Abstract
When presented with visual scenes containing multiple items, humans can rapidly organize elements into groups and can estimate the number of items within groups. Here we systematically examine how humans define groups of items and how grouping influences numerical estimation of items. Through behavioral experiments and modeling work, we find that human estimates of groups and items are well-described by k-means clustering algorithm (Fig.1) that is widely used for image segmentation in computer vision. In Experiment 1, we asked subjects to estimate the number of clusters in images of randomly located dots presented for 50-300 msec. Estimates of the number of clusters were stable from as early as 50 msec, and highly consistent across individuals. Next, the model estimated the number of clusters for these same images with a single free parameter for center-to-center distance among items (i.e., clustering threshold). The best-fit clustering threshold was a distance of 4° (Fig. 2) - which is also seen as a critical distance for optimal spatial separation in object tracking tasks [1,2]. In Experiment 2, we asked a different set of subjects to estimate the number of individual dots (not clusters) in these same images.
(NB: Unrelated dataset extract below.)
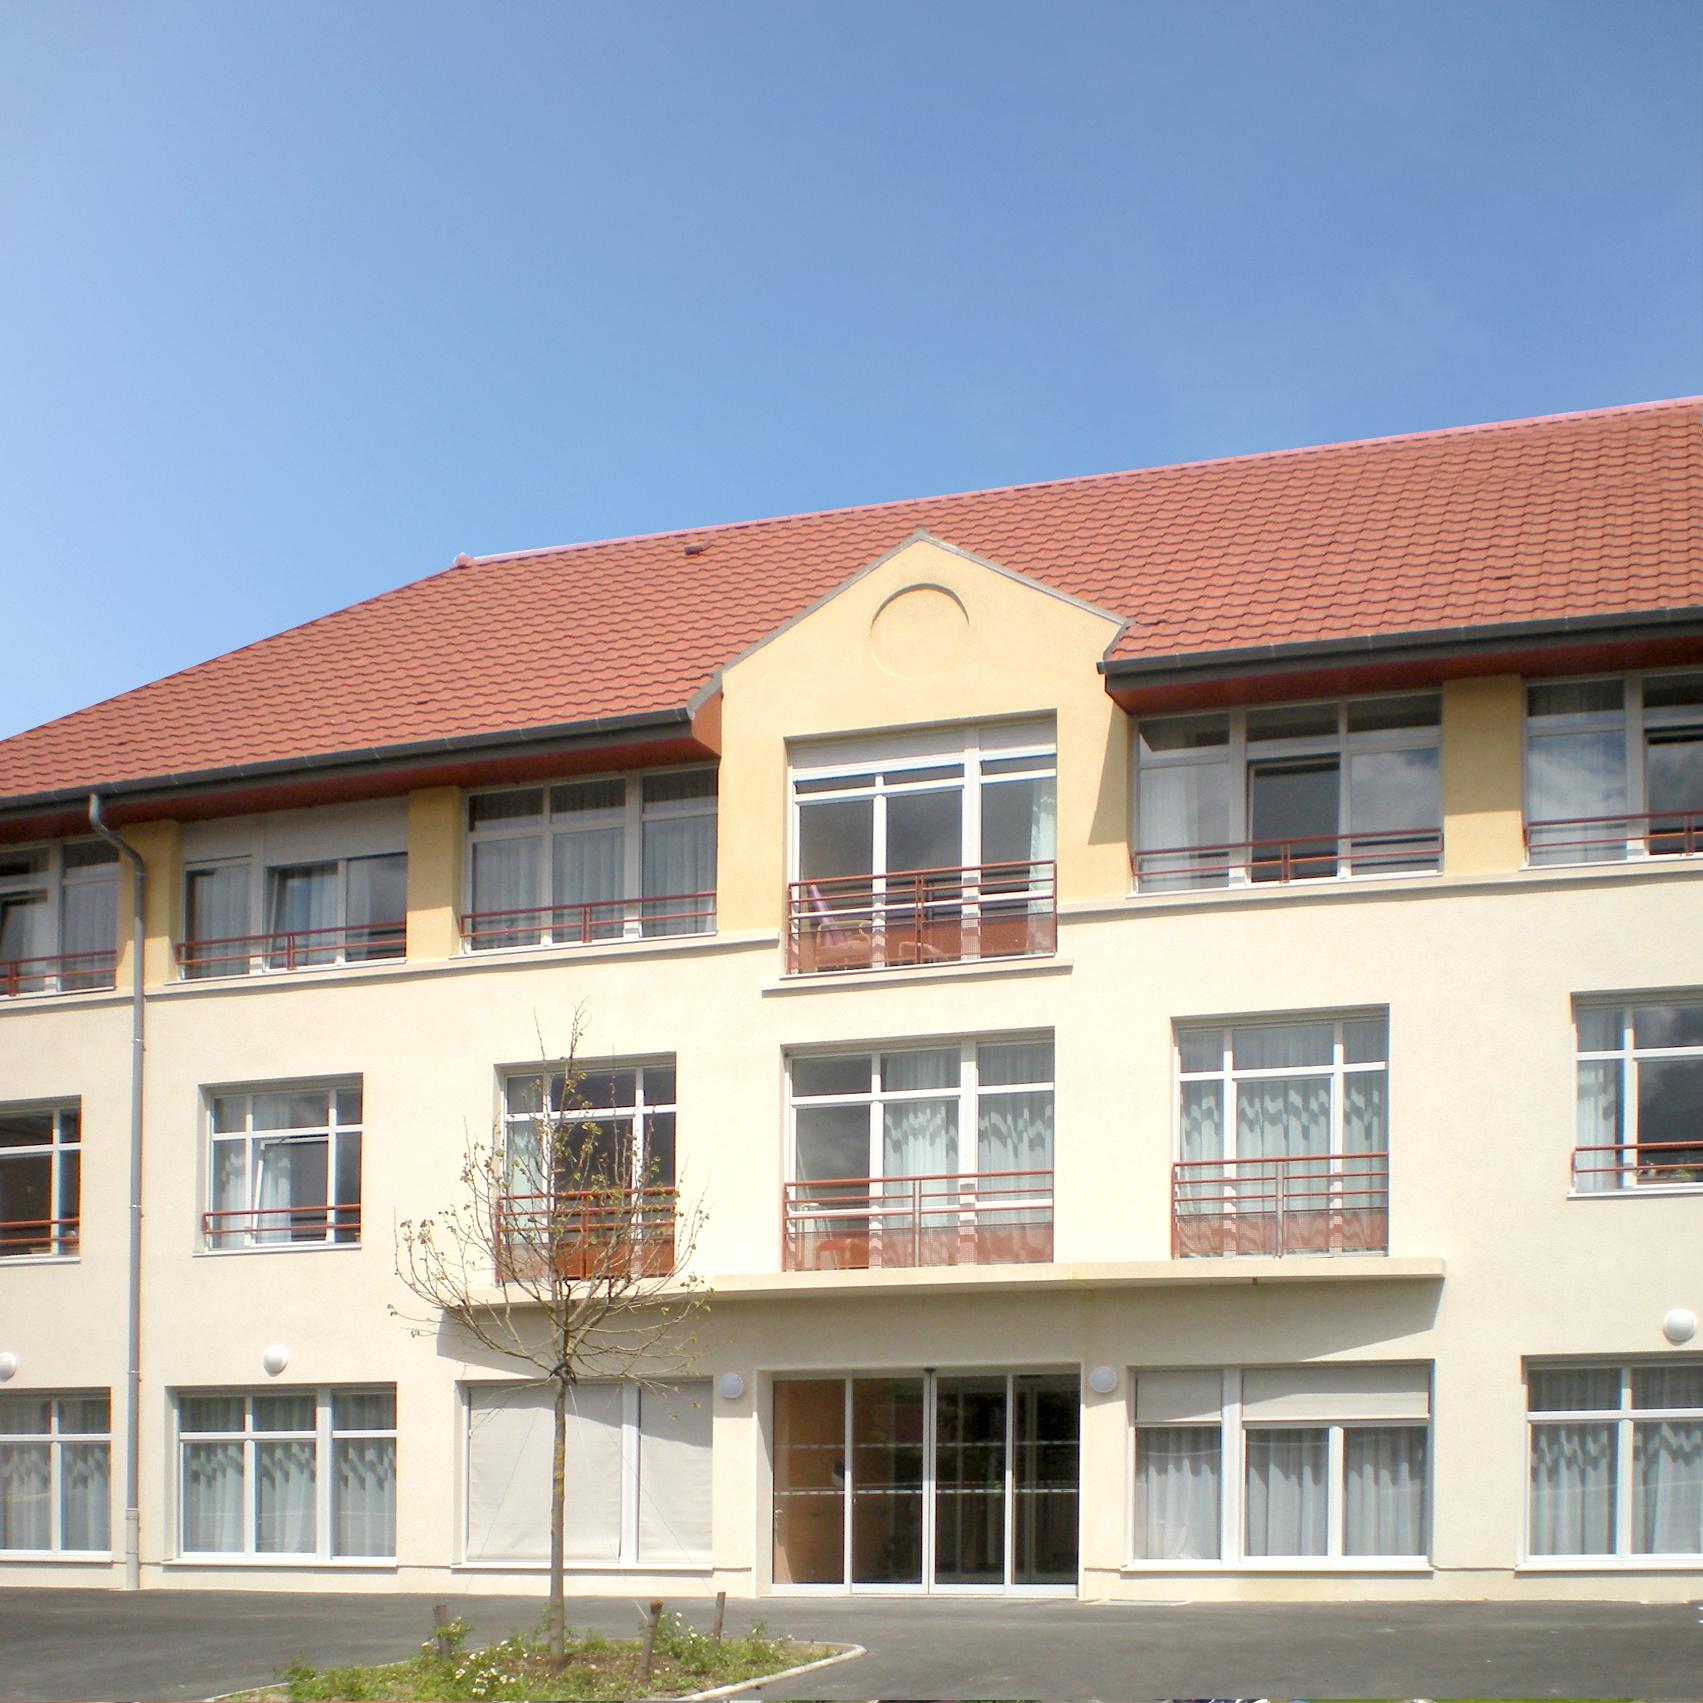 Maison Saint-Joseph - ACIS France

We found that subjects tended to underestimate the number of dots - especially when the image contained many clusters. Comparisons to the model estimates suggested that human subjects discount dots that fall within clusters and linear regression analyses revealed that clusters containing more items yielded more underestimation. Based on our findings, we propose a hierarchical model in which inputs from two interactive levels of representations of items and of clusters in an image together predict human performance on various numerosity tasks. Our work uses behavior and computer vision to begin to reveal how number can be rapidly estimated from brief visual scenes.
Meeting abstract presented at VSS 2013